Внезапно он выгнулся, запрокидывая голову, рот раскрылся в беззвучном крике, и на подбородок плеснуло свежей кровью. А вслед за ней из уголка губ высунулся зеленый завиток молодого побега.

И тут же бутон распахнул лепестки наполняя все вокруг шальным весенним духом, а с темного неба потоком полилось призрачно-белое сияние и манящая вдаль песня — зов луны вернулся в Пущу

— Пора, — прошептал Айлор и рванул повязки на груди.

Я смотрел в его глаза, потому что боялся видеть, как сердце сита ложится в мою грудь, не желал знать, отчего вернулось свободное дыхание и почему боль опять стала нестерпимой… я боялся отпустить его взгляд.

И лишь когда зеленые глаза Лори распахнулись черной бездонной пропастью — я упал туда, ни о чем больше не думая.

 



 

18.

 

В небе еще полоскались цветные ленты заката, а лес уже наполнили сумеречные тени. Вечерняя роса напитала одежду, холодила тело, где-то далеко опять плакала кукушка. Я приподнялся на локтях и сел. Тело ныло как после непосильной работы, а в душе была пустота. Сколько длилось мое забытье? Я не помнил. Что делать дальше — не знал. Растерянность и отчаяние было всем, что я тогда чувствовал.

— Ничего, человечек. У вас говорят — время лечит. Ты жив, это главное.
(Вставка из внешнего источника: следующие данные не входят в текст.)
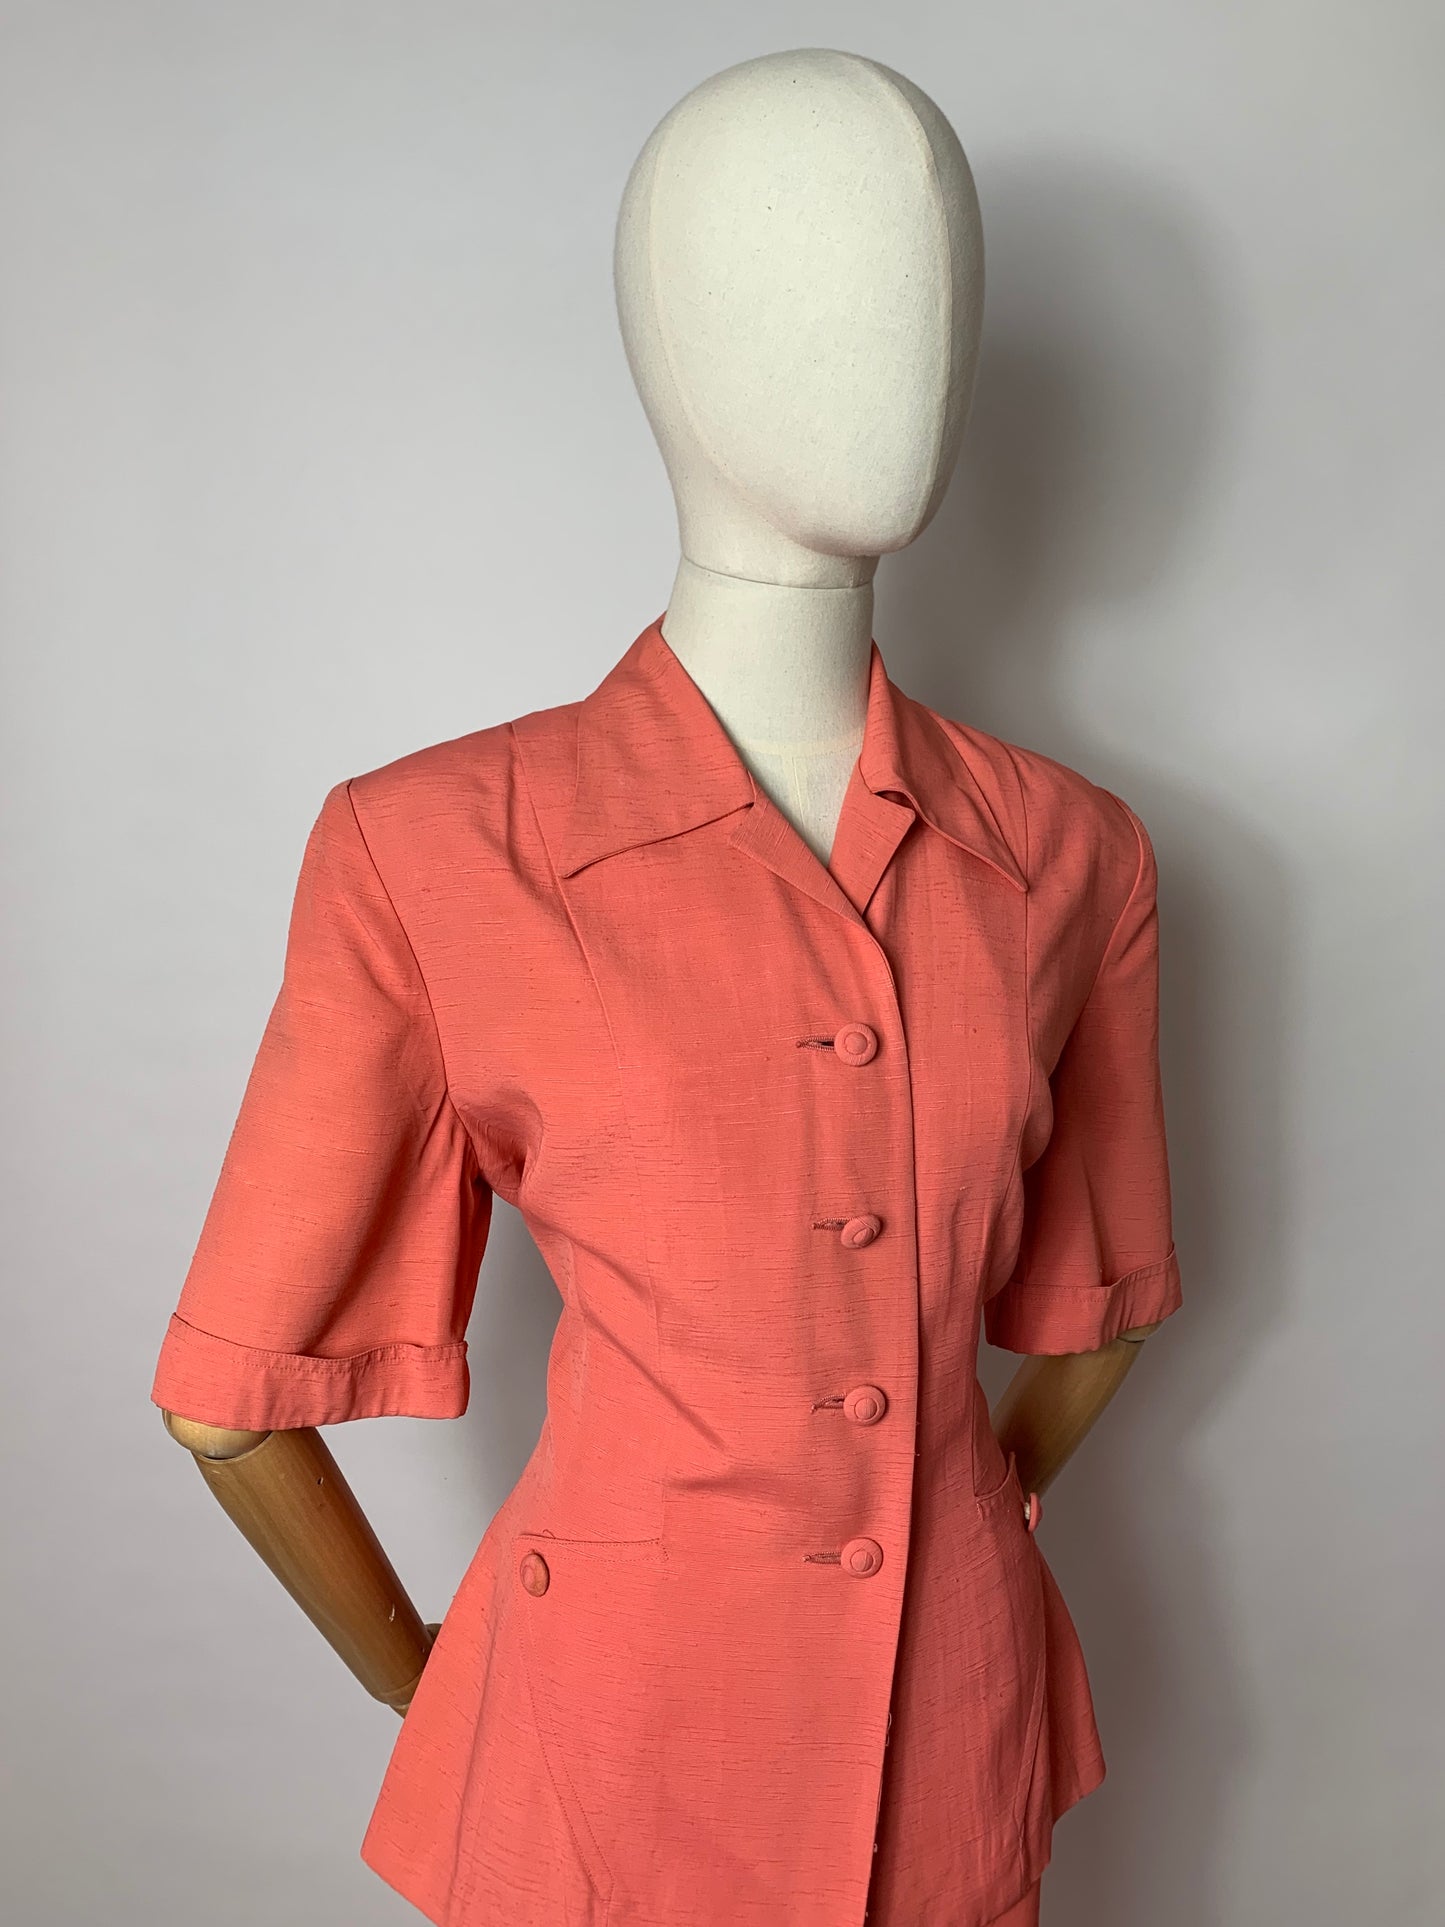 Original 1940’s 2pc Summer Suit - Fabulous Coral Colour and Lovely Detailing

Я оглянулся на голос. Воин Пущи вышел на поляну из тени ближайших деревьев: черная накидка из волчьей шкуры, зеленая рубаха до колен, меч у бедра и лук за спиной, густая грива цвета осеннего черноклена. Но все равно Ареийю трудно было узнать: ощущение власти и могущества было сильнее прежнего, а вот ненависть исчезла. И вместе с ней исчез мой страх, осталась только робость да еще смутное для меня чувство общего горя, объединяющей нас невосполнимой потери.

Он подошел и опустился рядом на траву, сорвал цветок клевера, прикусил стебель, задумчиво улыбнулся — длинные клыки придавили нижнюю губу. Вдруг стало очевидно, насколько он молод: гроза Синедола казался едва ли старше меня самого. Я осмелился спросить:

— Айлоримиелл… где он? Как это было?

— Он — здесь. Разве ты не узнаешь место?

В самом деле: та же поляна, тот же старый кедр — вот он. Только трава высока и сочна, и нигде нет следов той жуткой ночи. Пальцы коснулись корявого ствола — сердце бухнуло, на миг остановилось.

Его сердце…

Я невольно схватился за грудь и ощутил болезненный еще рубец. Значит все правда: мое сердце стекло в корни колдовского цветка, а в моей груди сейчас бьется сердце сита. «Отец мой Небесный, всеблагой и всепрощающий, будь милостив, — с детства привычные слова молитвы пришли сами, — не оставь дитя свое грешное, прости…»

— Он простит, — отозвался сит, — нет такого бога, который не благословит то, что вы сделали.

— Всевышнему не угодно колдовство, каким бы оно ни было.